> Supplied entries
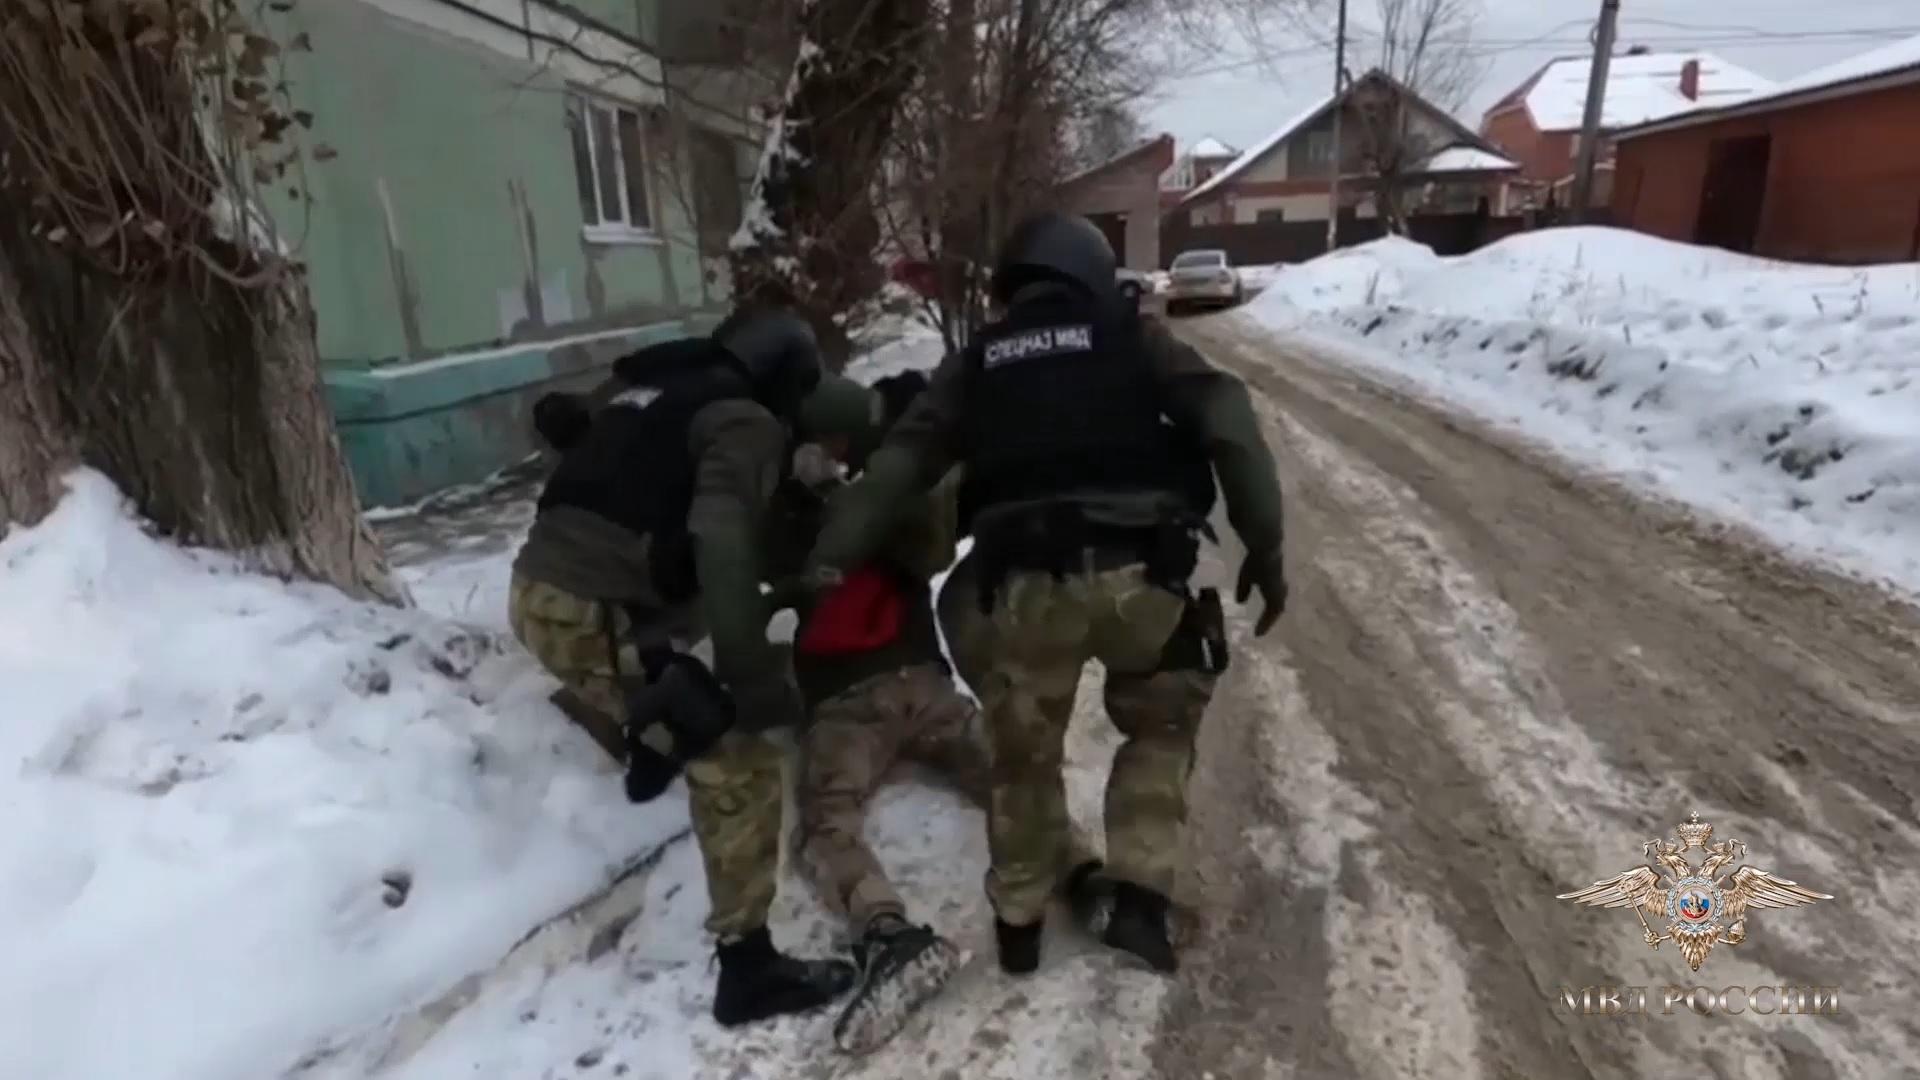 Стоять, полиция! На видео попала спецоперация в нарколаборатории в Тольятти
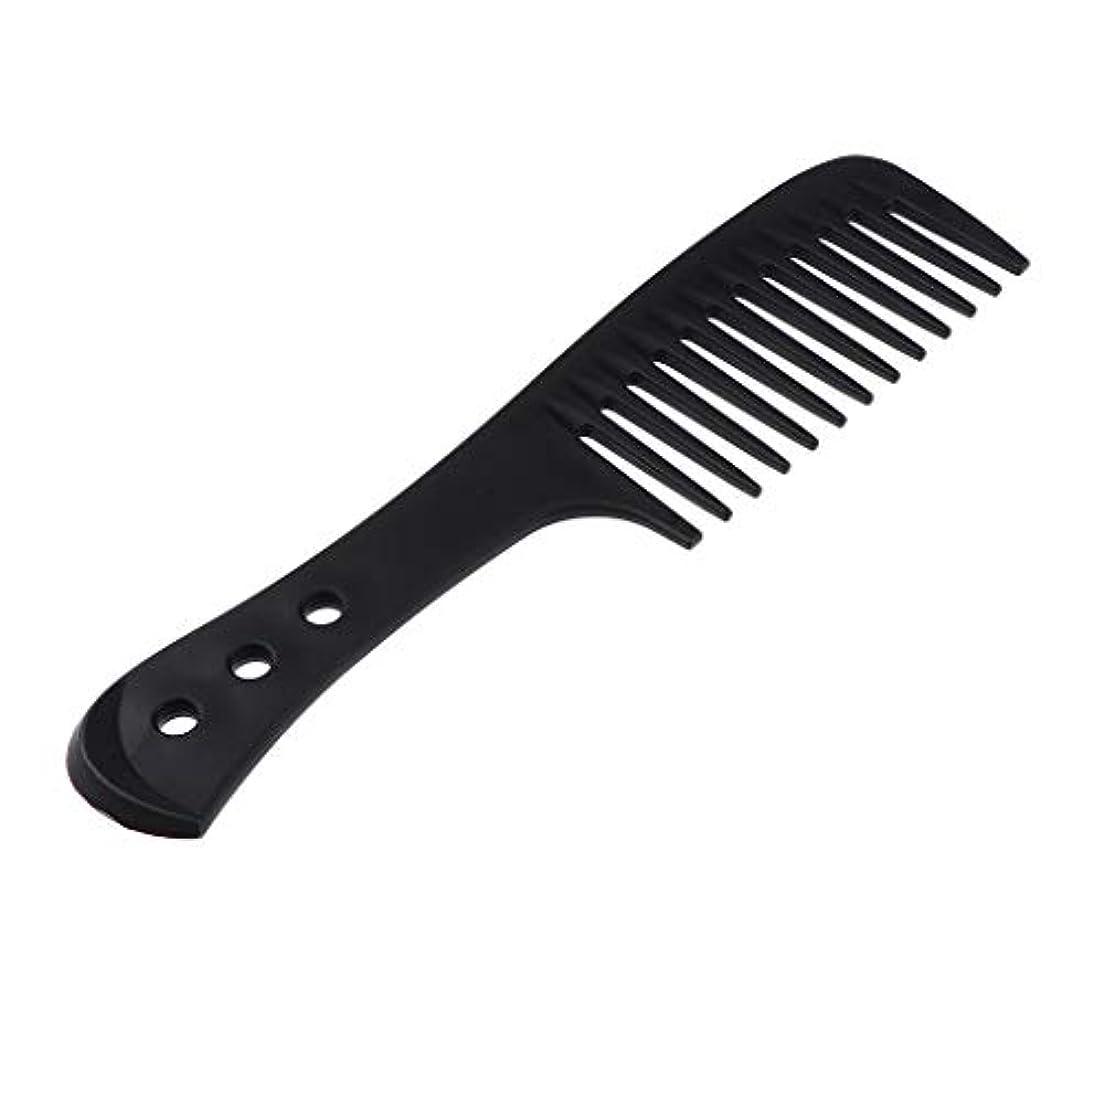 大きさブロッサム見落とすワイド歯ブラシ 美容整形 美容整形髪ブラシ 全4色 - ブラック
* * *
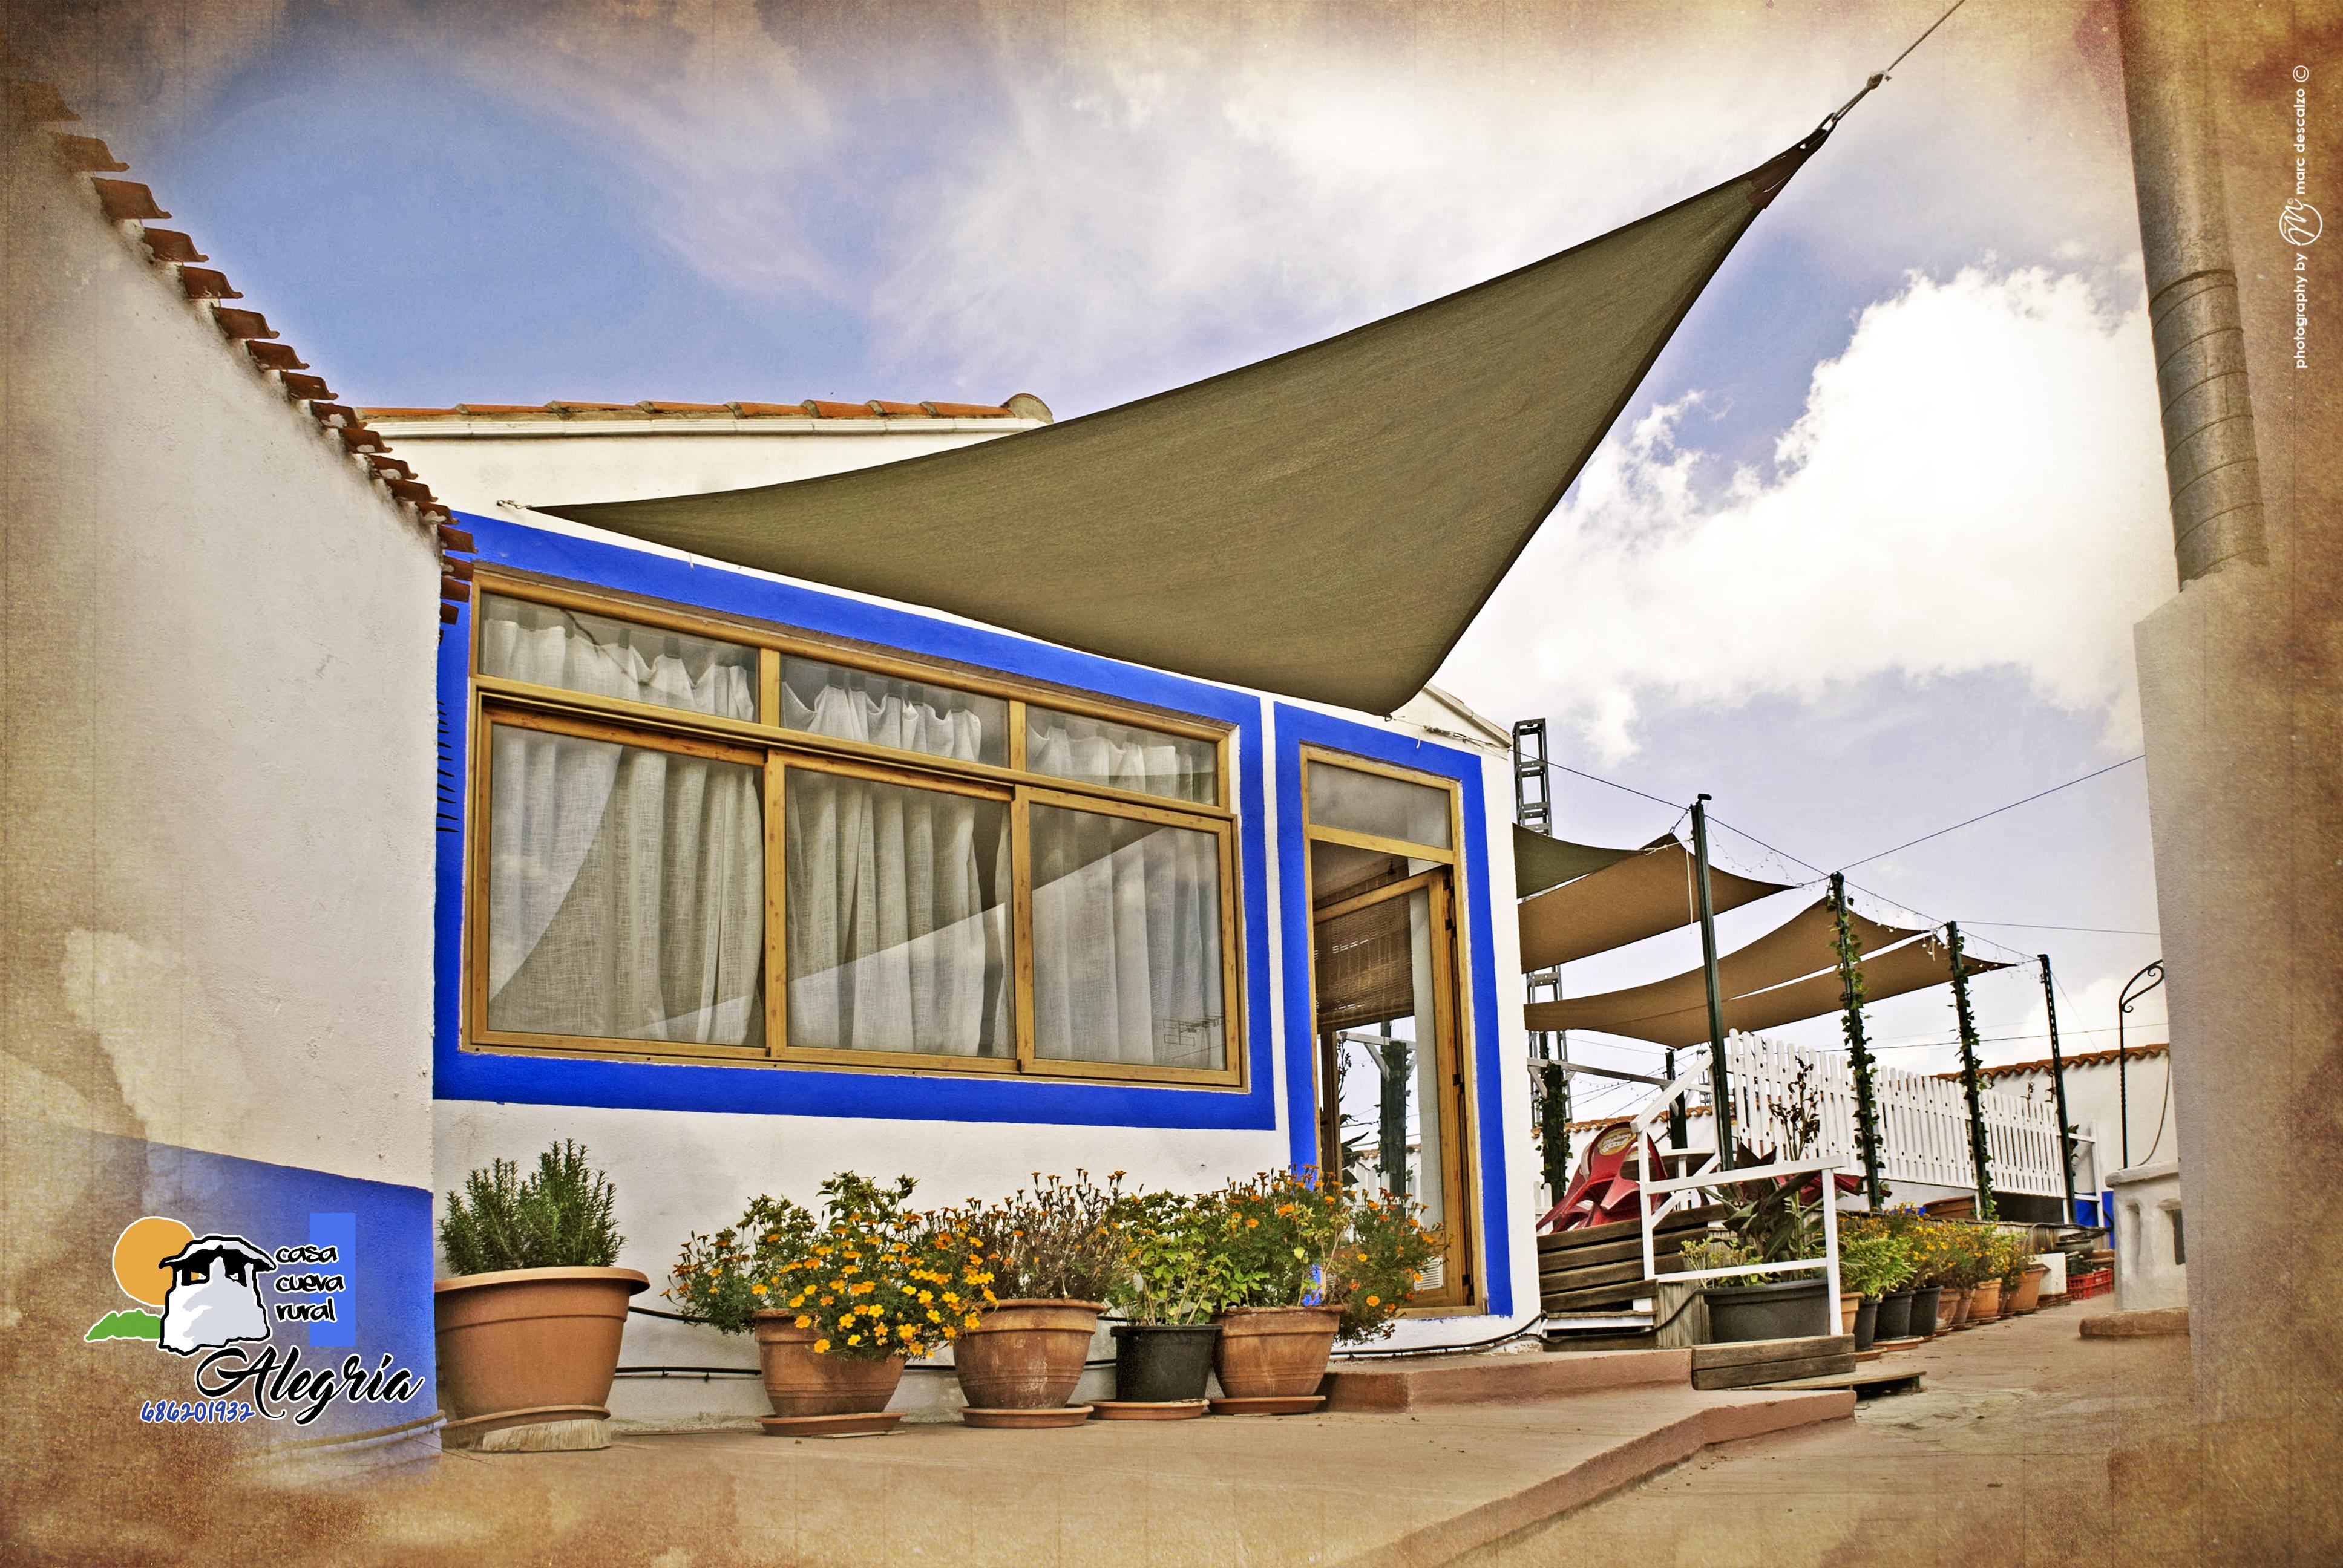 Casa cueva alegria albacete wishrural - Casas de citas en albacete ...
--
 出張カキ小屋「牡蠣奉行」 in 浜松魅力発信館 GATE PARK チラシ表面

> Task goal
What is needed is an exact copy of the lines above, from the one holding "Стоять, полиция! На" down to the one holding "大きさブロッサム見落とすワイド歯ブラシ 美容整形 美容整形髪ブラシ 全4色 - ブラック", with those two included and the pictures left out.

> Response to the exercise
 Стоять, полиция! На видео попала спецоперация в нарколаборатории в Тольятти
 大きさブロッサム見落とすワイド歯ブラシ 美容整形 美容整形髪ブラシ 全4色 - ブラック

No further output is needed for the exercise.